So, you’ve prepared for retirement with 401(k)s and IRAs. You’ve got a good nest egg going. Feeling pretty good about it, right?
If you’re looking for a tax-free retirement, the harsh reality is that you may not be as prepared as you think. If you’re relying on your traditional IRA/401(k) to supplement your Social Security benefits and maybe even pension, BE PREPARED TO HAVE TAXES ERODE AWAY FROM YOUR CASH…
MONEY FOR UNCLE SAM … OR YOU?
You need understand that when you reach retirement, you may lose many of the tax deductions you enjoyed in the past, such as home mortgage interest, credits for your children/dependents, and deductions on your retirement plan contributions. If you are a business owner, you’ll be losing even more deductions. Although you may have less income during retirement, your taxable income may be just as high or higher!

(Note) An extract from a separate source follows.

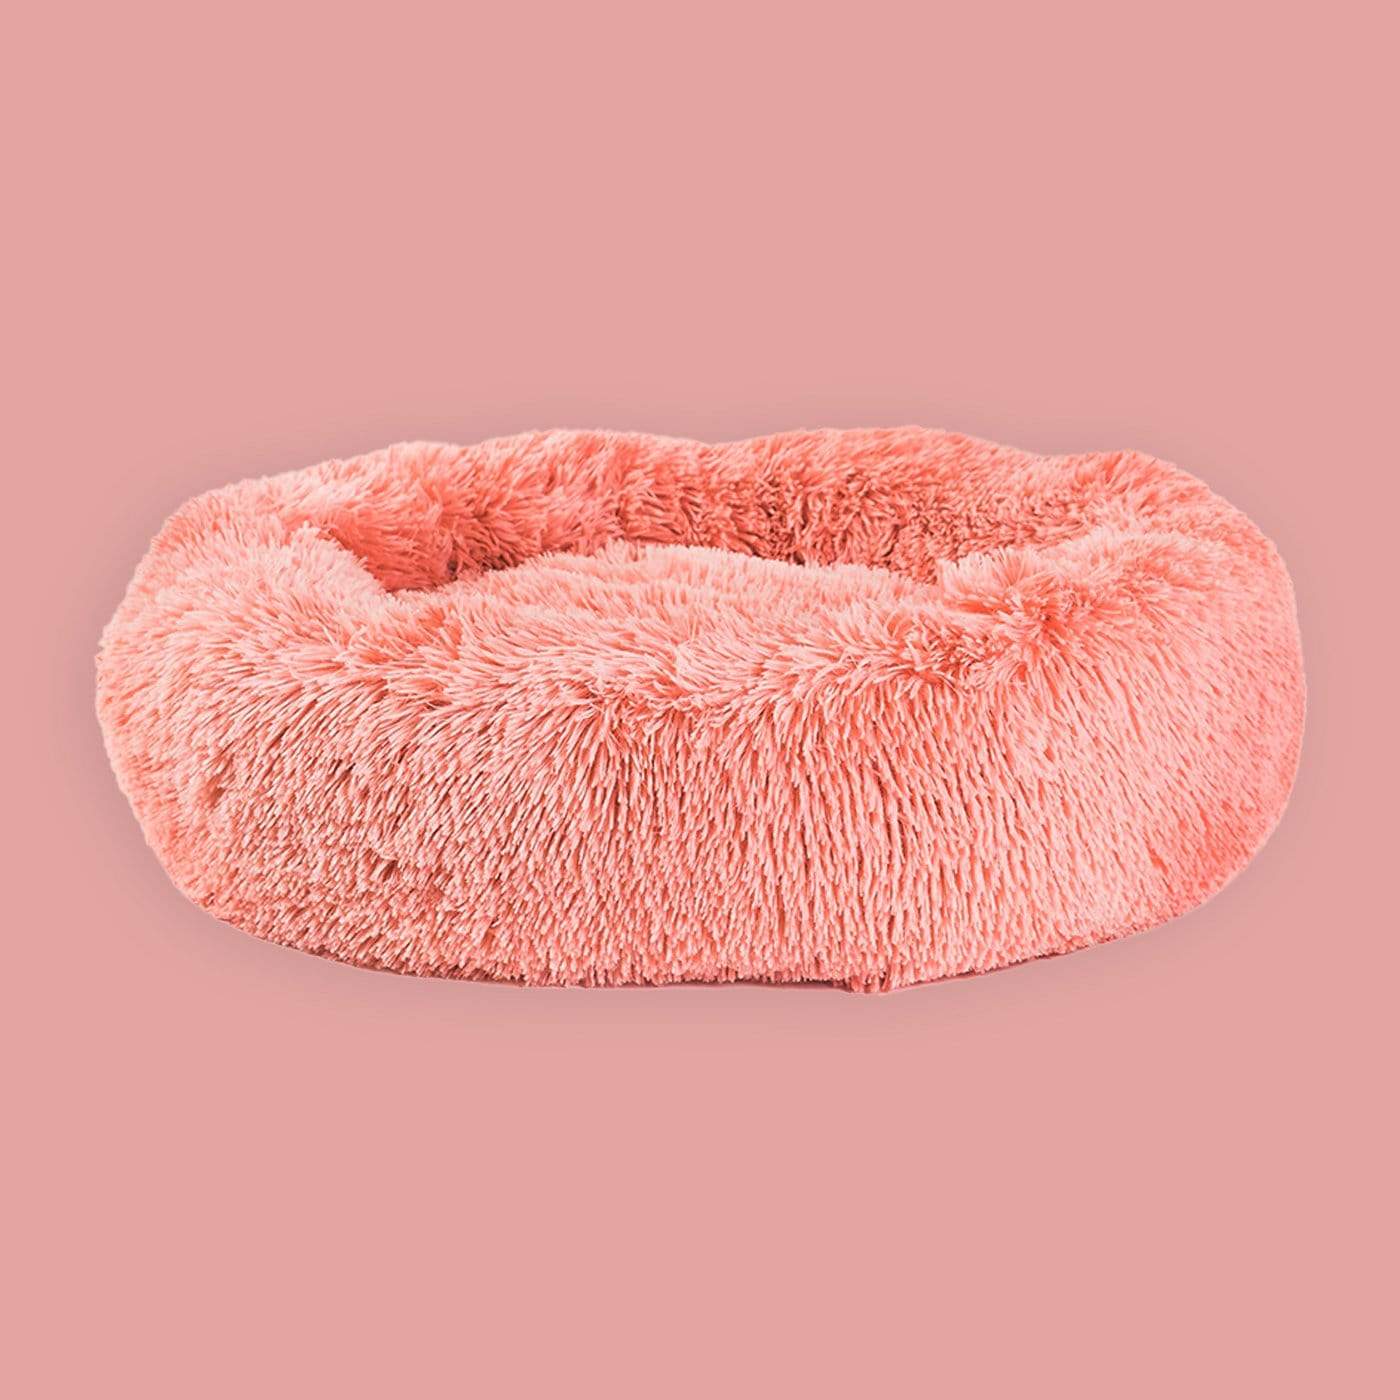 ®FLAPY BED 2 |  מיטה מפנקת פלאפי עם כיסוי נשלף
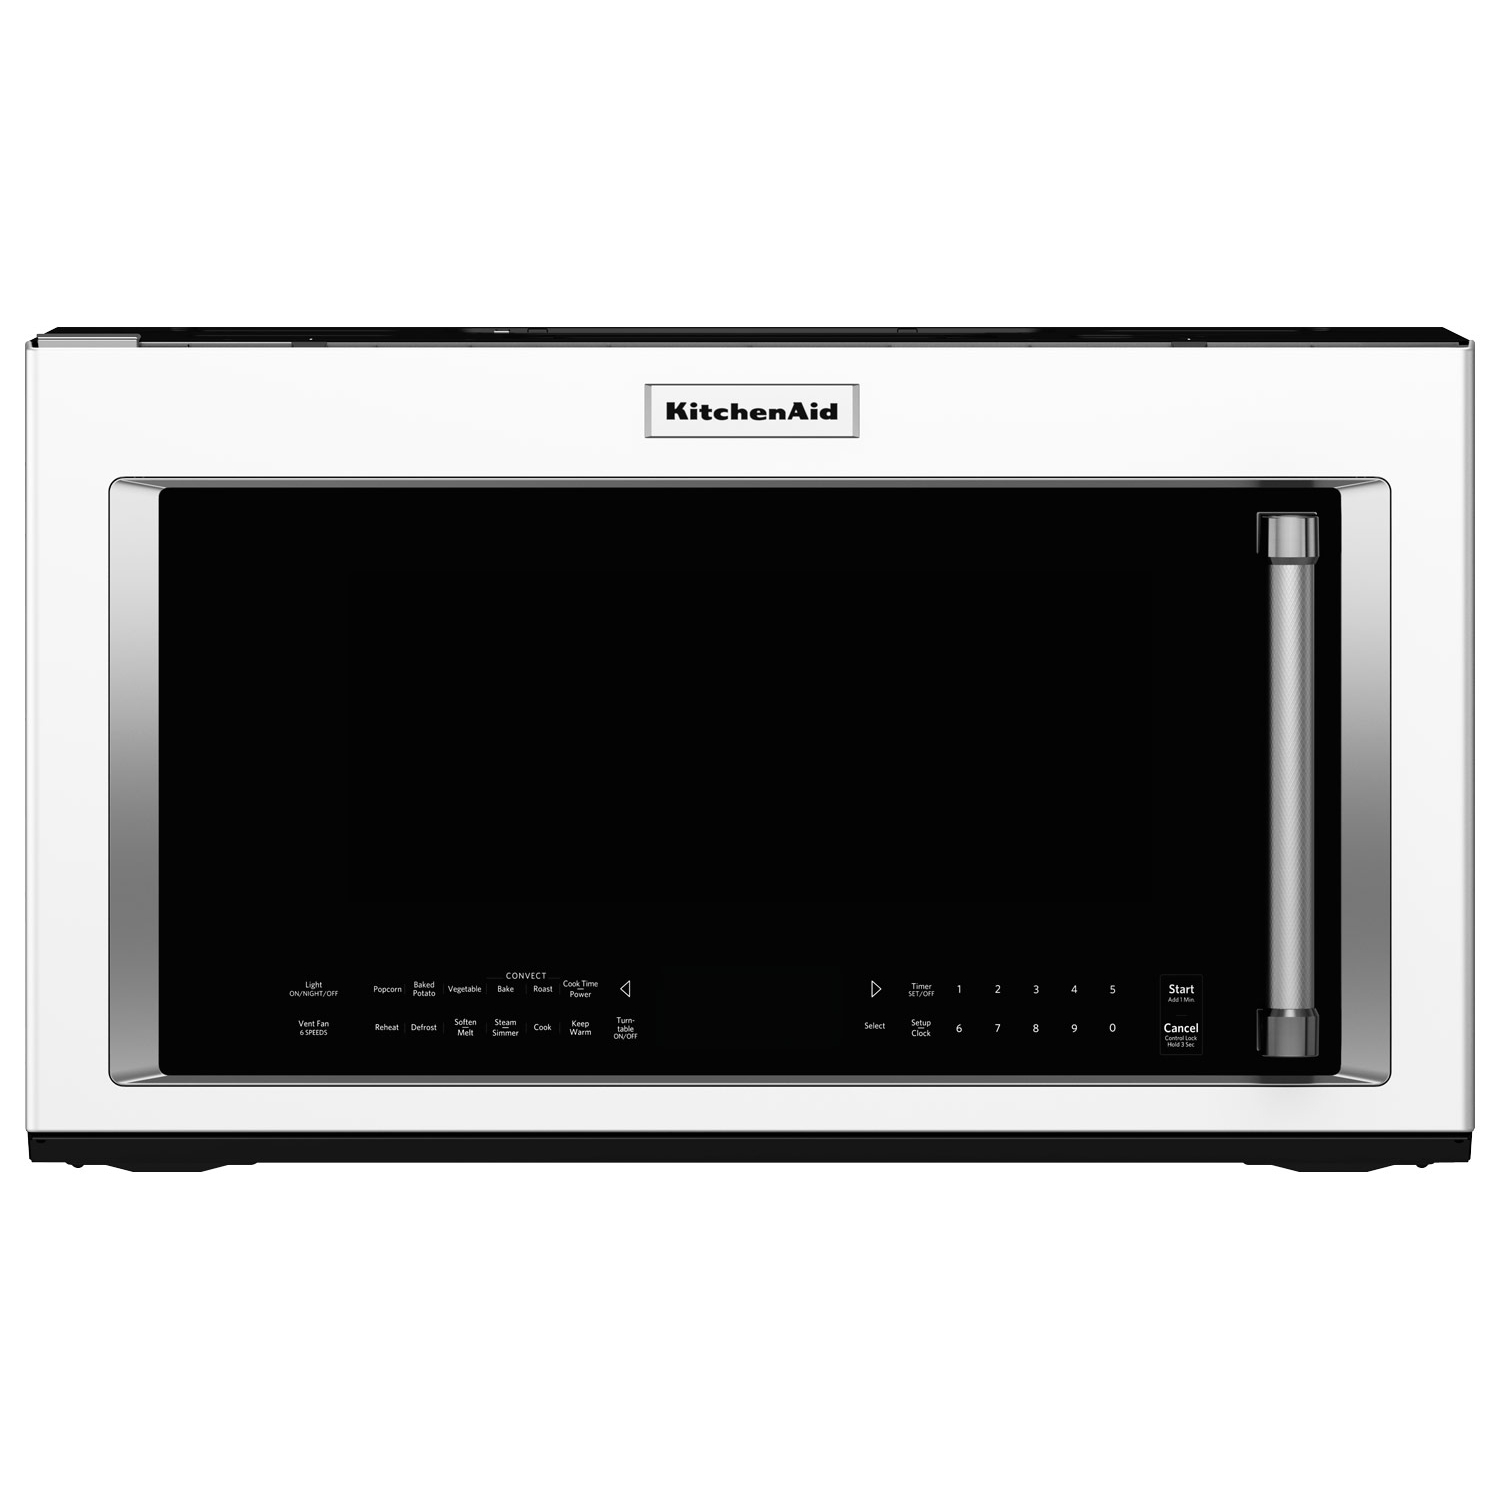 KitchenAid Microwave Model KMHC319EWH

If you don’t take action soon to avoid paying excess tax, you will likely be quiet surprise during your retirement years, which could result in living a lower lifestyle, or outliving your money.
Paying less in taxes means keeping more of your money for yourself no matter how you look at it. We believe you should take a serious look at max funded, tax-advantaged insurance contracts as an option for developing a tax-free retirement as part of your tax-reducing retirement strategy.
Along with their important death benefit, these insurance contracts can be structured to hold your serious cash (by serious cash we mean money you have set aside for retirement). When these contracts are structured correctly and funded properly, they can shelter you from the danger of increasing taxes.
This strategy has been used by the wealthy for over 100 years. Among them are Jim Harbaugh, the head football coach of the University of Michigan Wolverines, Mr. Walt, the founder of Disneyland, James Penny, owner of JC Penney, and many more. They implemented this strategy to build their wealth.
These contracts are no secret to the wealthy. It’s just simply too complex for the average financial advisor or financial professional to implement without developing an expertise through years of research and training. Unfortunately, many advisors or accountants who “haven’t done their research” end up having strong and uneducated opinions that are not based on facts, especially regarding the tax benefits and internal rate of return that can be achieved with this strategy.
Tax Benefit No. 1 – Money put into these insurance contracts has already been taxed at today’s rates. With tax rates likely going up in the future due to our national debt, getting taxes over and done is financially very critical. You would rather pay taxes on the seed money than the harvest money.
Tax Benefit No. 2 – Money taken out of your contract—when done optimally, in accordance with Internal Revenue Code guidelines—is not regarded as taxable income, as opposed to income from a traditional IRA/401(k). You can also access your money tax-free using several methods. The smartest and best way to access your money from a max-funded, tax-advantaged insurance contract is via a loan, rather than a withdrawal.
When done correctly, it is a loan made to yourself that is never due or payable in your lifetime. To be in compliance with IRS guidelines, an interest rate is typically charged, and then that interest is offset with interest that is credited on the money you didn’t “withdraw,” but rather remained there as collateral for your loan. This results in a zero-net cost in many instances.
Loans taken from your contract ARE NOT TAXED, because they aren’t deemed earned, passive, or portfolio income—which are the only types of income that are subject to income tax on a 1040 tax return. See section 7702 of the Internal Revenue Code.
“A maximum-funded tax-advantaged (MFTA) insurance strategy, when structured properly and loans taken correctly, will not hit your tax return. That is powerful.”
-Jim Whitehead, CPA
Tax Benefit No. 3 – With industry laws and regulations that have been in place for more than 100 years, the money that accumulates inside of a life insurance policy does so tax-favored. As a “life insurance policy” increases in value due to competitive interest being earned, no taxes are due on that gain, as long as the policy remains in force. Many financial vehicles, such as savings accounts, CDs, mutual funds, and money markets will typically have tax liability on their gain. See section 72(e) of the Internal Revenue Code.
Policy loans and withdrawals will reduce available cash values and death benefits and may cause the policy to lapse or affect guarantees against lapse. Additional premium payments may be required to keep the policy in force. In the event of a lapse, outstanding policy loans in excess of unrecovered cost basis will be subject to ordinary income tax. Tax laws are subject to change and you should consult a tax professional.
Policy loans are not usually subject to income tax, unless the policy is classified as a modified endowment contract (MEC) under IRC Section 7702A. However, withdrawals or partial surrenders from a non-MEC policy are subject to income tax to the extent that the amount distributed exceeds the owner’s cost basis in the policy.
Tax Benefit No. 4 – Upon your death, the money in your insurance policy transfers to your heirs and beneficiaries completely income tax-free. See section 101(a) of the Internal Revenue Code.
In summary, we have never seen any other money accumulation vehicle that accumulates money totally tax-favored, then later allows you to access your money totally tax-free. Then when you ultimately pass away, it blossoms (increases) in value and transfers to your heirs totally income-tax free.